Le président de l'Équateur, Daniel Noboa, a publié un décret pour que son gouvernement catalogue officiellement les organisations islamistes de Palestine en tant que terroristes; Hezbollah, du Liban; Déjà le gardien de la révolution islamique d'Iran.
Le président équatorien a justifié la mesure contre le groupe terroriste palestinien et libanais en remarquant « l'incidence possible selon laquelle le Hamas et le Hezbollah pouvaient » constituer une menace pour la population nationale (de l'Équateur), l'ordre constitué, la souveraineté et l'intégrité de l'État « , dans la similitude des critères suivis par les États-Unis pour caractériser ces groupes en tant que terrestres.
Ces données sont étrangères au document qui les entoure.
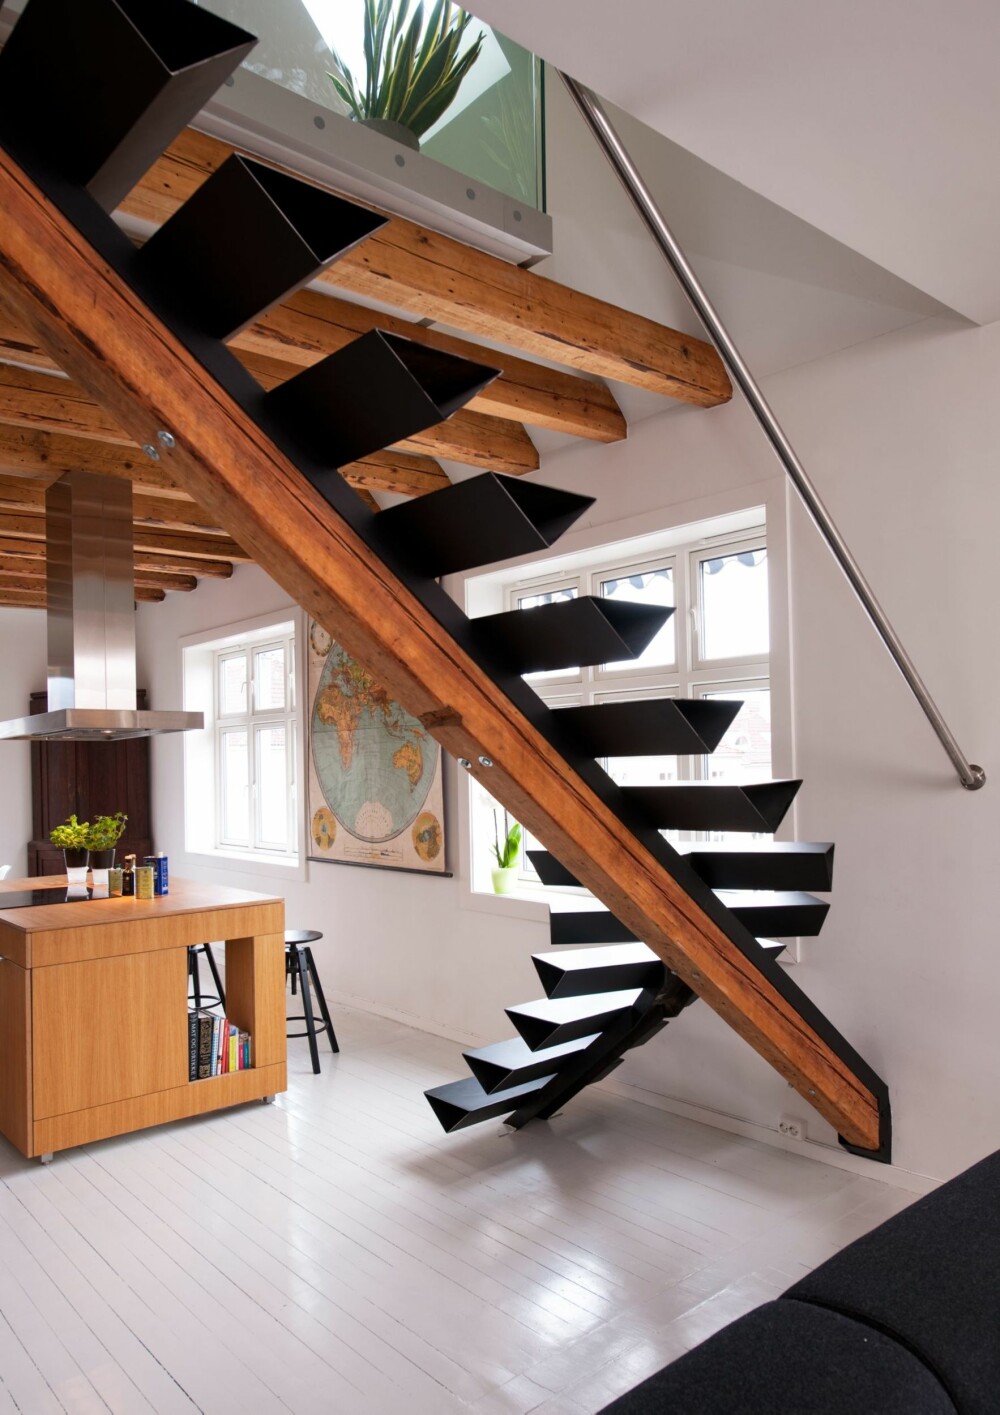 EGEN DESIGN: Arkitekt Aslak Krogness Haanshuus har selv designet trappen og fått den produsert hos metallverkstedet Sophus Bugges
Eftf. i Oslo.

Dans le cas du gardien de la révolution de l'Iran, Noboa était basé sur un rapport du National Intelligence Center qui décrivait cette force armée comme une « organisation terroriste avec des interférences en Équateur », le même signal qu'il attribuait aux deux autres groupes.
Au cours des dernières semaines, Noboa a catalogué différentes organisations criminelles étrangères en tant que terroristes dans le cadre du « conflit armé interne » déclaré par le président depuis le début de 2024 pour faire face à une escalade de violence sans précédent dans le pays, attribué aux gangs criminels dédiés au trafic de drogue, à l'extorsion et à l'extraction illégale, qu'il a également déclaré comme des groupes terroristes.
Tout d'abord, il a commencé avec certains groupes dissidents des guérilleros éteints des forces armées révolutionnaires de Colombie (FARC) qui ont une activité dans les zones de la frontière de l'Équateur avec la Colombie comme les commandes de la frontière, le front d'Oliver Sinisterra et les dissidents communs du Sud.

Les commandes de la frontière sont attribuées au massacre de onze militaires car elles sont embusquées et criblées par un groupe armé lors d'une opération contre l'exploitation minière dans le secteur amazonien d'Alto Punino, dans une action où trois des assaillants sont apparemment décédés.
Puis il a fait de même avec le train Aragua, la bande d'origine vénézuélienne avec des tentacules dans différents pays d'Amérique latine, et le Cartel de Los So à appelé, une organisation qui, selon le gouvernement du président des États-Unis, Donald Trump est composée de postes élevés du Venezuela, avec le dictateur Nicolás Maduro comme le supposé dirigeant.
En plus de l'Équateur, plusieurs gouvernements latino-américains ont catalogué le train d'Aragua en tant qu'organisation terroriste. Le Pérou l'a déclaré de cette façon à travers son congrès; En Argentine, les autorités ont avancé dans la même direction après une série d'arrestations; Et dans Trinidad et Tobago, une cour supérieure l'a désigné comme une entité terroriste.
Ces déclarations ont été faites conformément à celles publiées par les États-Unis, qui à leur tour ont profité de la récente visite officielle à Quito du secrétaire d'État, Marco Rubio, pour faire de même avec les Choneros et Los Lobos, les deux plus grandes organisations criminelles équatoriennes, sur la demande de l'administration de Noboa.
Maintenant, le gouvernement équatorien fait le même pas avec les groupes islamistes radicaux qui sont ennemis d'Israël, un pays que Noboa a soutenu et soutenu à plusieurs reprises dans le conflit au Moyen-Orient et avec lequel il maintient des accords de coopération sur la sécurité et la migration, ainsi que les contrats pour l'acquisition d'équipements militaires.